— Required action —
Write out each line of the material exactly as given, and drop the images.

*** Opening Record extracts ***

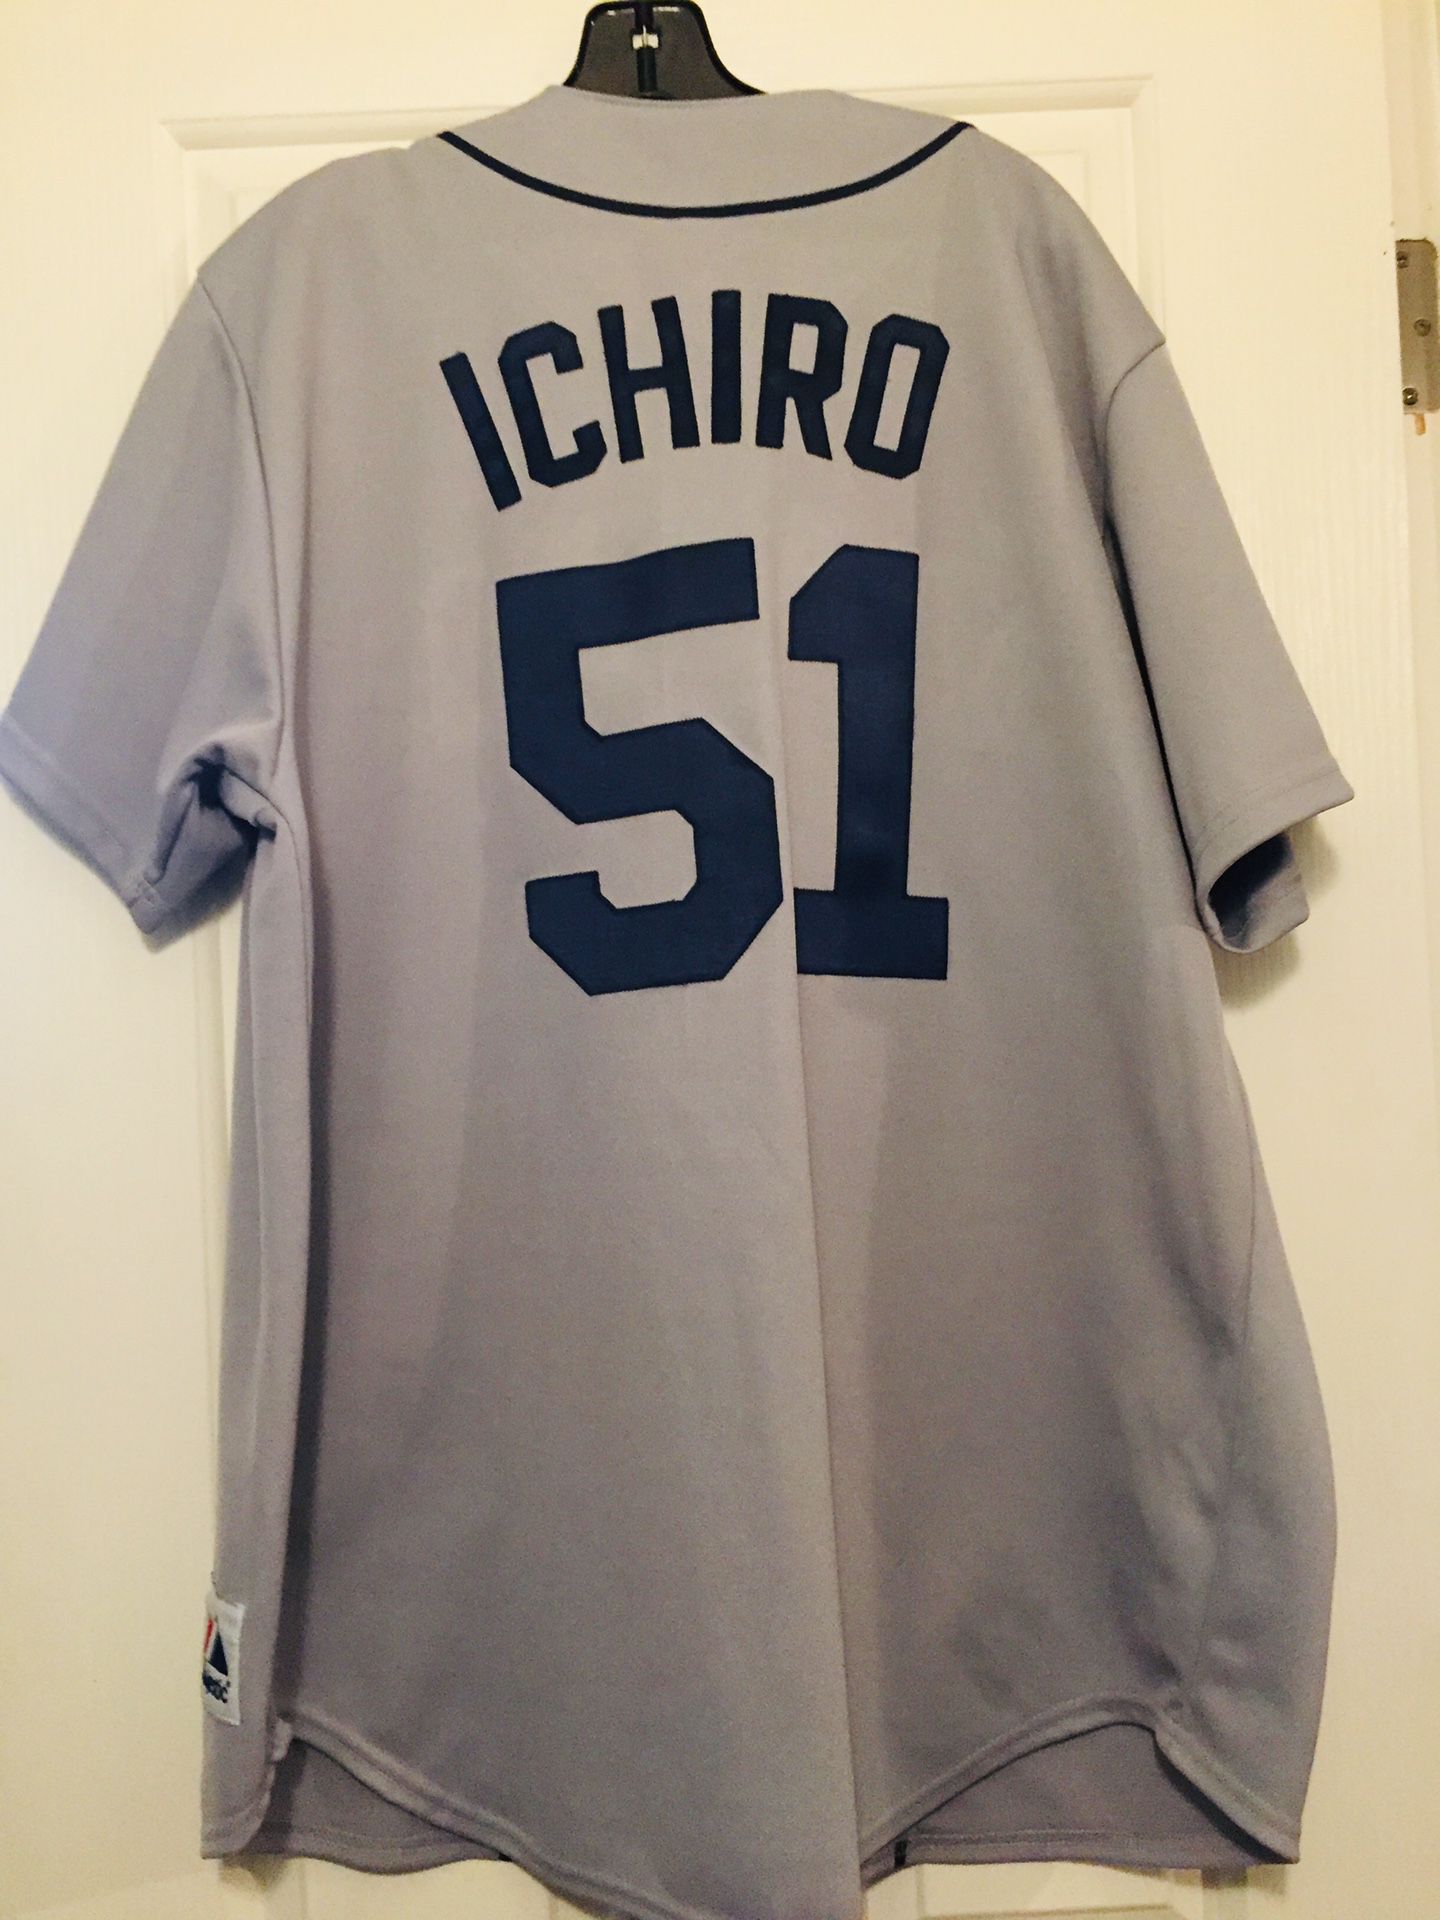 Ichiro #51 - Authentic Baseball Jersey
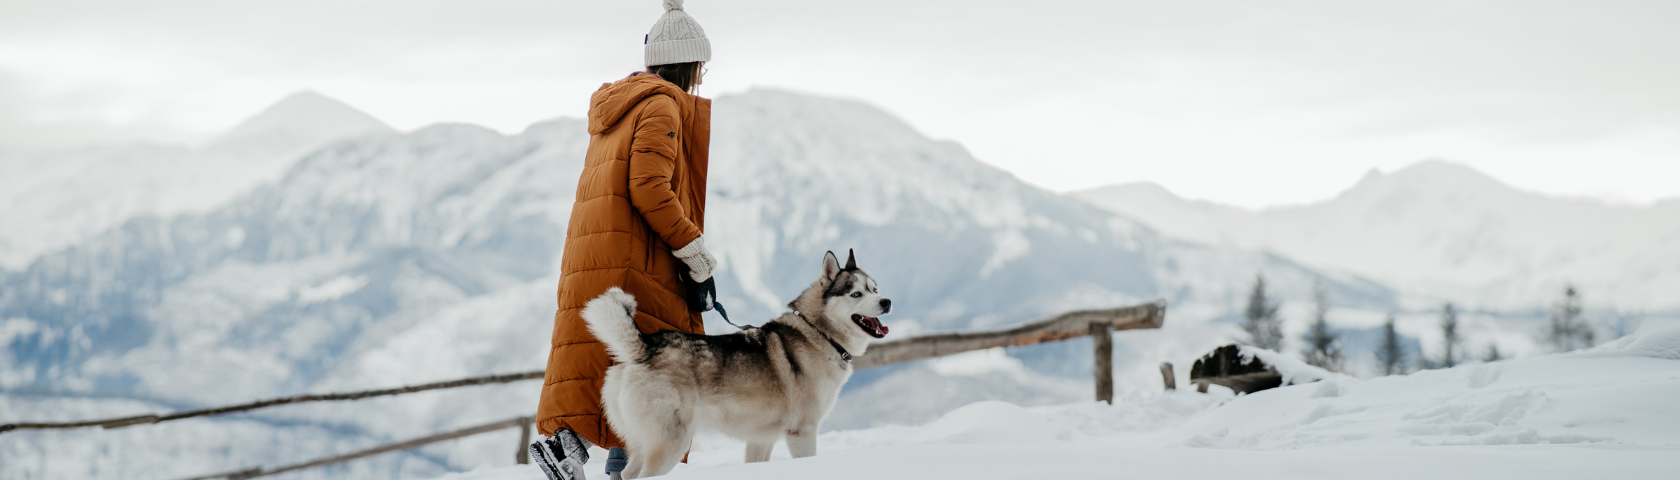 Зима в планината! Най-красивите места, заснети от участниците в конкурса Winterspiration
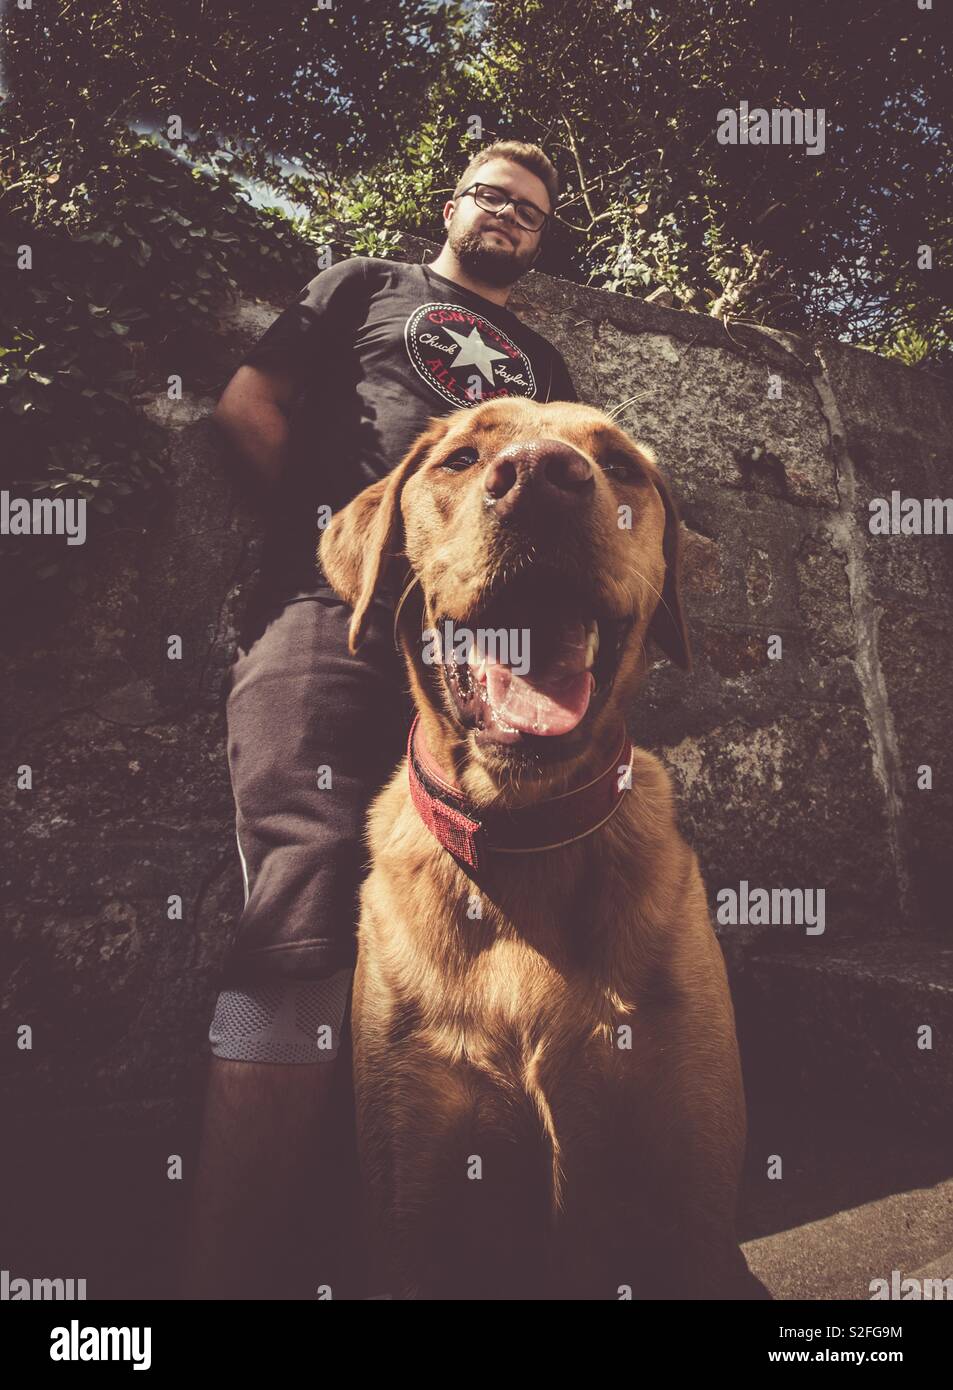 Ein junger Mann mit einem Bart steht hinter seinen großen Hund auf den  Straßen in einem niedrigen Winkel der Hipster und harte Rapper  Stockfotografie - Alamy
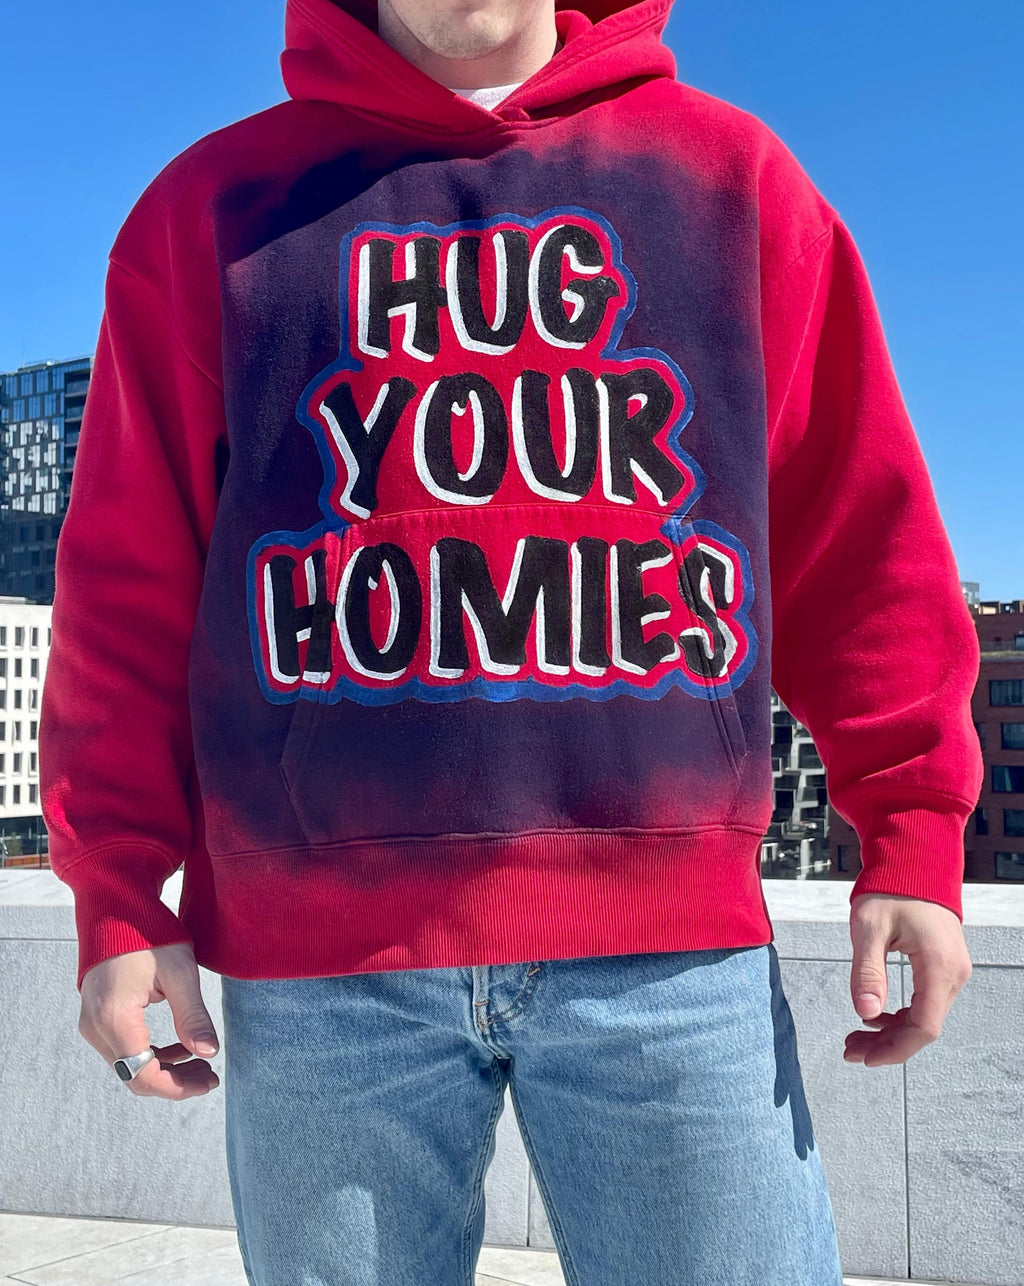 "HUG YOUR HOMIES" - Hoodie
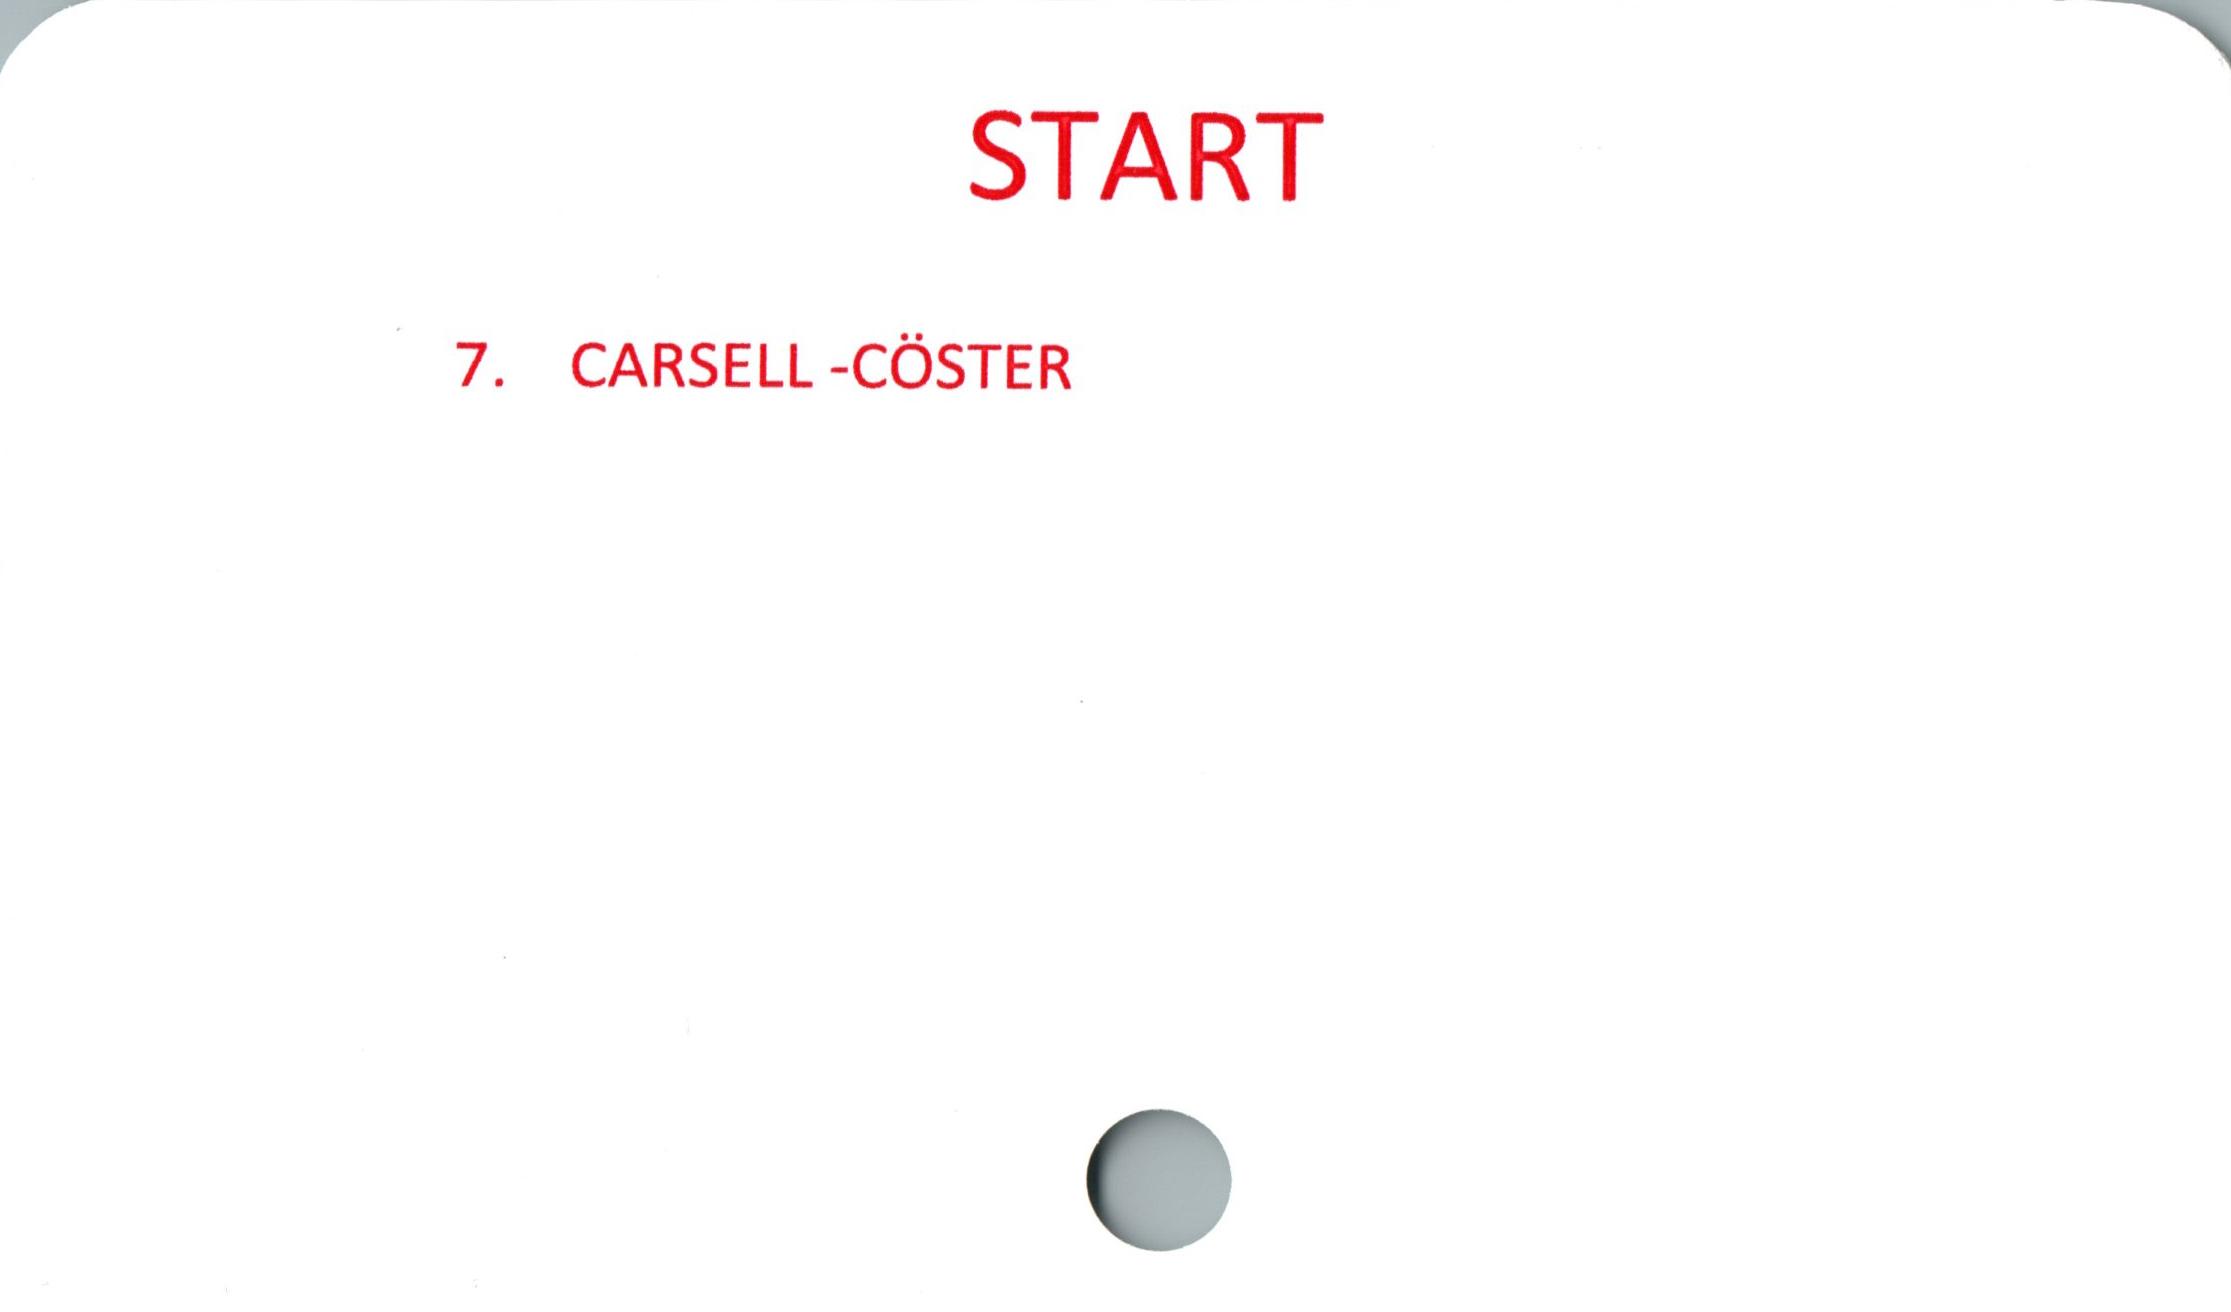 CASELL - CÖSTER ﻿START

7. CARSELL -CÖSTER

*** Closing Record extracts ***

— Answer space —
 Ichiro #51 - Authentic Baseball Jersey
 Зима в планината! Най-красивите места, заснети от участниците в конкурса Winterspiration
 Ein junger Mann mit einem Bart steht hinter seinen großen Hund auf den  Straßen in einem niedrigen Winkel der Hipster und harte Rapper  Stockfotografie - Alamy
 "HUG YOUR HOMIES" - Hoodie
 CASELL - CÖSTER ﻿START

7. CARSELL -CÖSTER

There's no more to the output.